Rising fuel prices and logistical disruptions caused by instability in the region are particularly painful for Sri Lanka’s central highlands, where the country’s largest tea plantations are concentrated, Reuters writes.
Sri Lanka’s tea industry, worth about $1.5 billion, employs about 2.4 million people. At the same time, almost half of tea exports worth about 680 million dollars a year go to Middle Eastern countries, making the industry highly sensitive to the crisis in the region.
According to Sri Lanka’s Export Development Board (EDB), tea export earnings in March fell 17.3 percent year-on-year to 114.75 million dollars. Exports to Iraq, the largest market for Sri Lankan tea, fell 38%, while shipments to the United Arab Emirates fell 93%.

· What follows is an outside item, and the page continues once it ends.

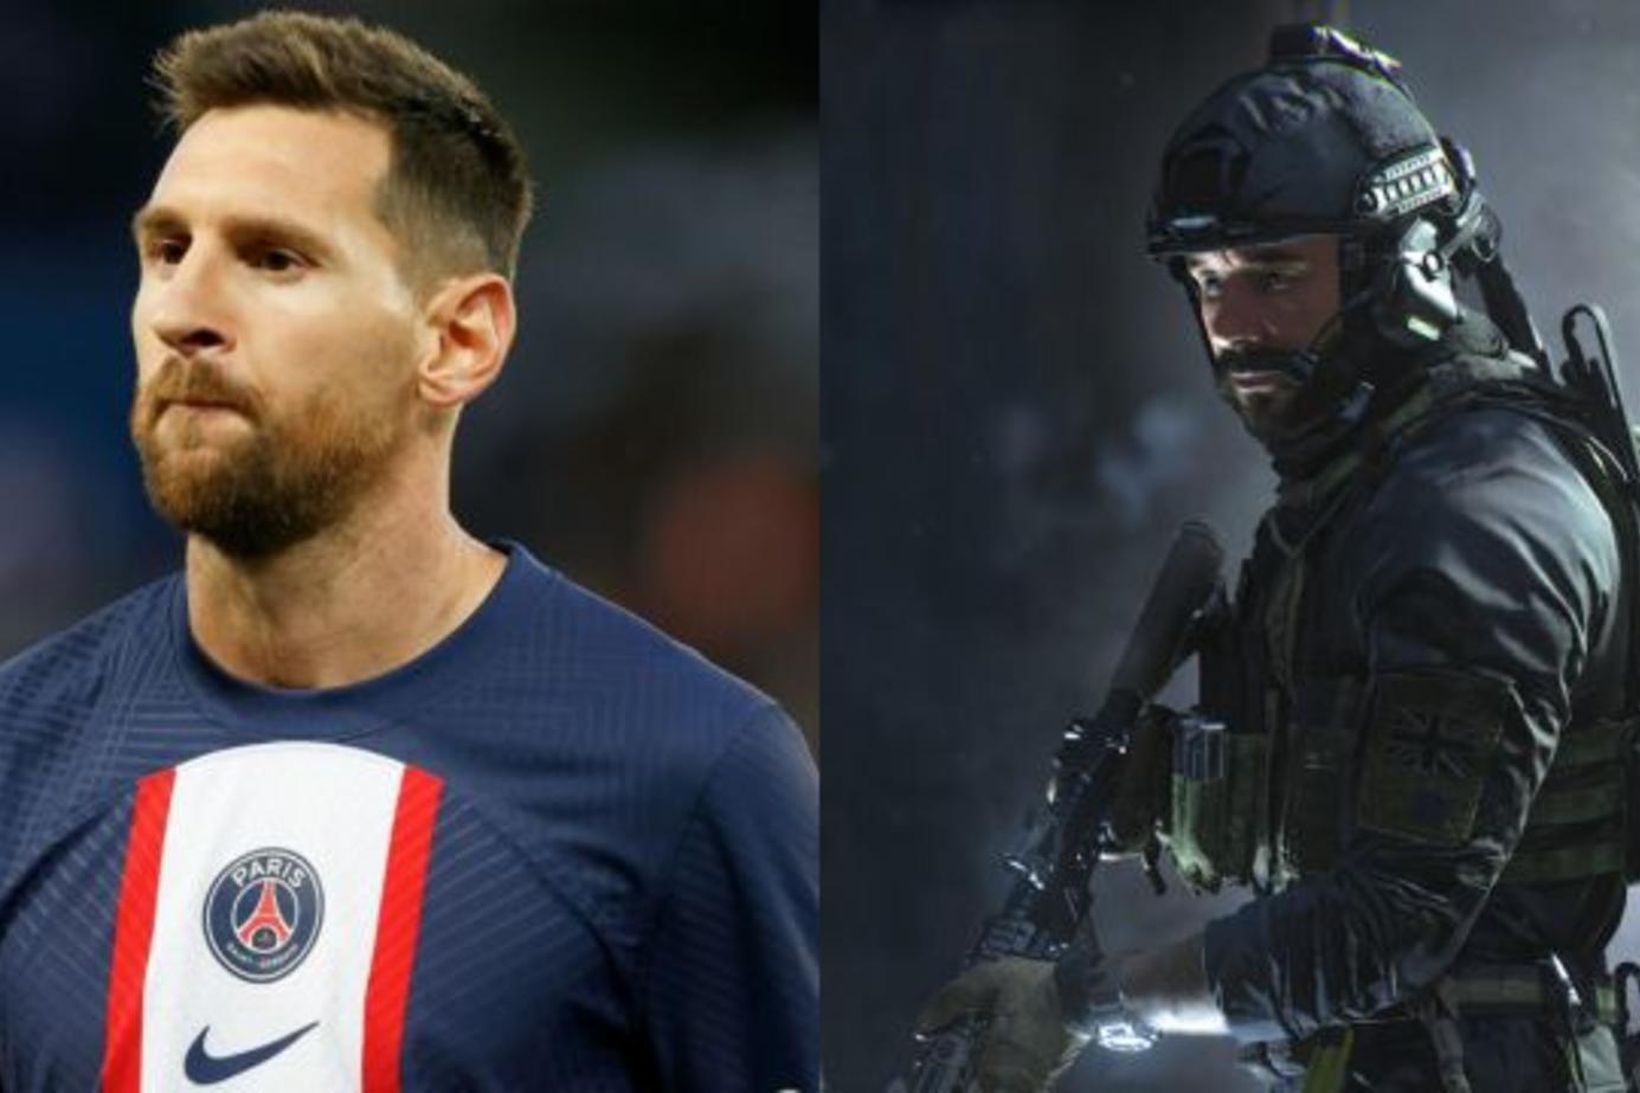 Lionel Messi kemur sem viðbót í Modern Warfare 2.
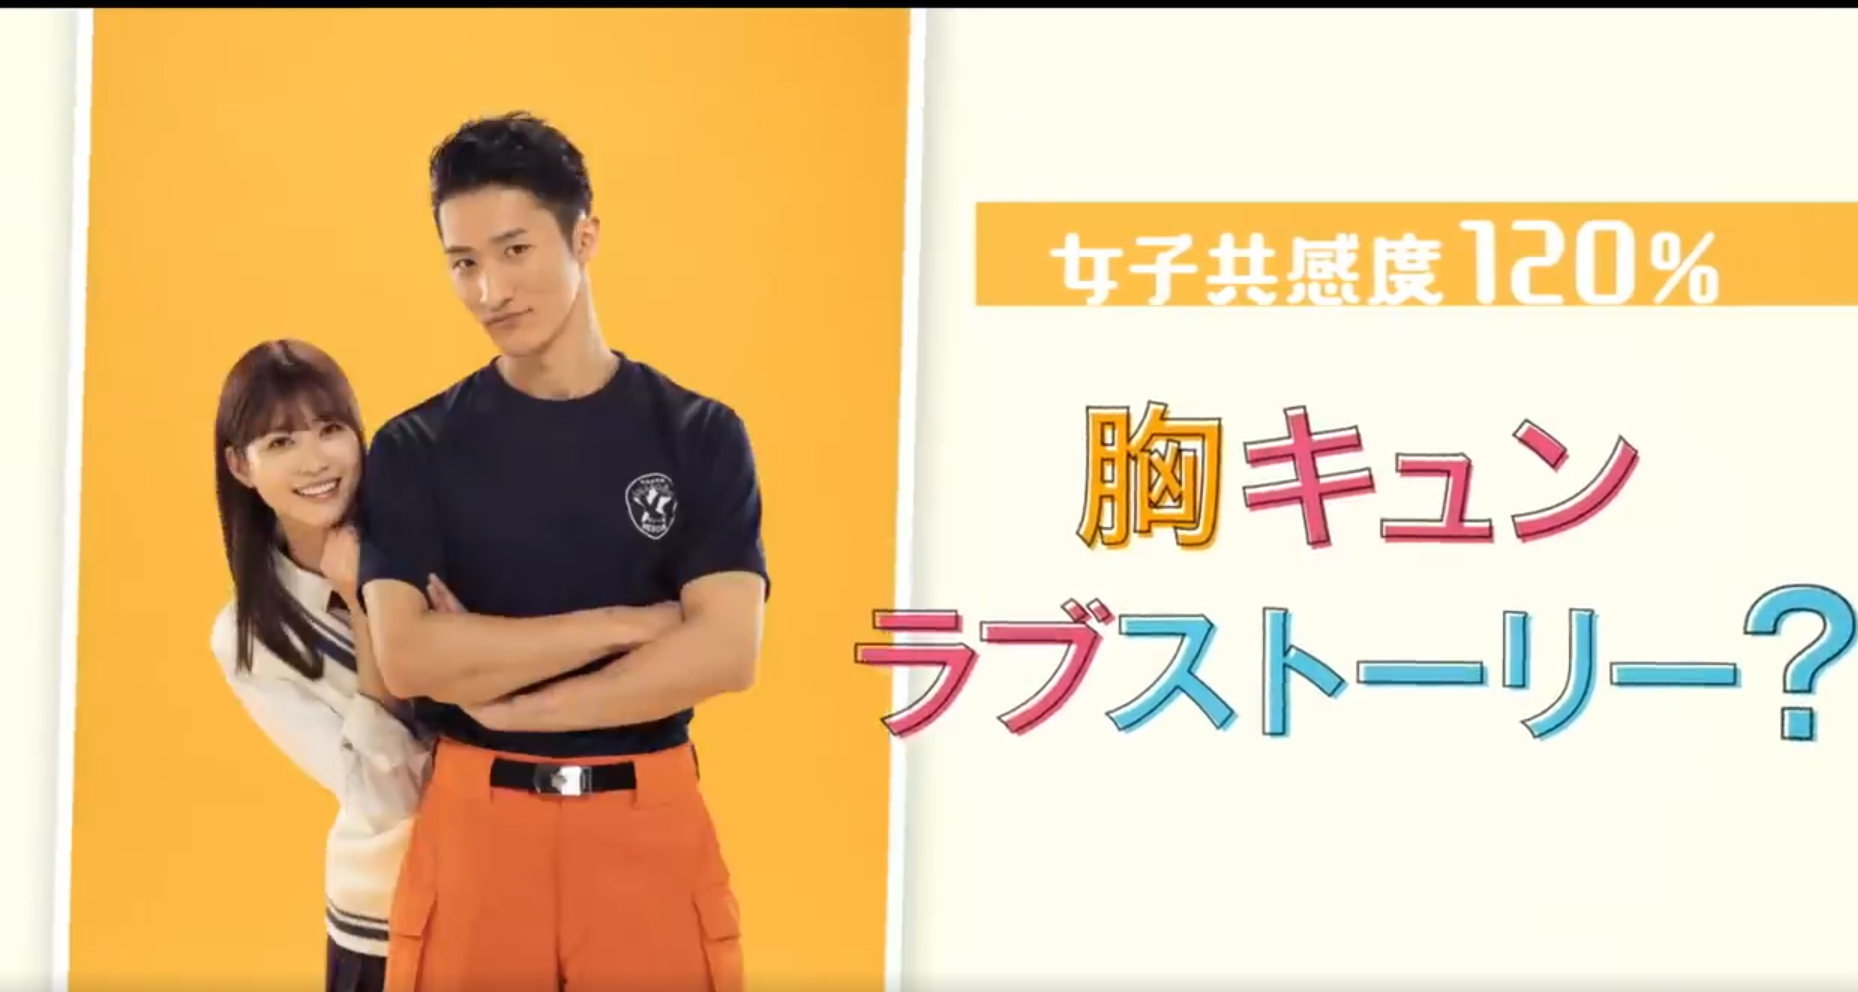 日本漫改爱情电影《萌系男友是燃燃的橘色》将在7月8日上映

Additional pressure on producers comes from rising transportation and logistics costs. Companies report higher fuel costs, supply disruptions and increased transportation costs along key trade routes.
Dilmah, which has products in more than 100 countries, has begun to increase its supply to Canada, South America and the US. About 30% of the company’s business is related to the Middle East, so instability in the region directly affects sales.
Dilhan Fernando, head of the company, said rising fuel prices are adding to inflationary pressures across the supply chain, from domestic transportation to international logistics between Colombo and Dubai.
The problems in the tea industry are adding to Sri Lanka’s economic woes as it continues to recover from the financial crisis of recent years. Authorities have already raised fuel prices by about 40%, imposed restrictions on energy supply and taken steps to reduce energy consumption.
According to industry representatives, people in plantation regions are being forced to cut back on food expenditures and seek more stable sources of income amid rising prices and declining export earnings.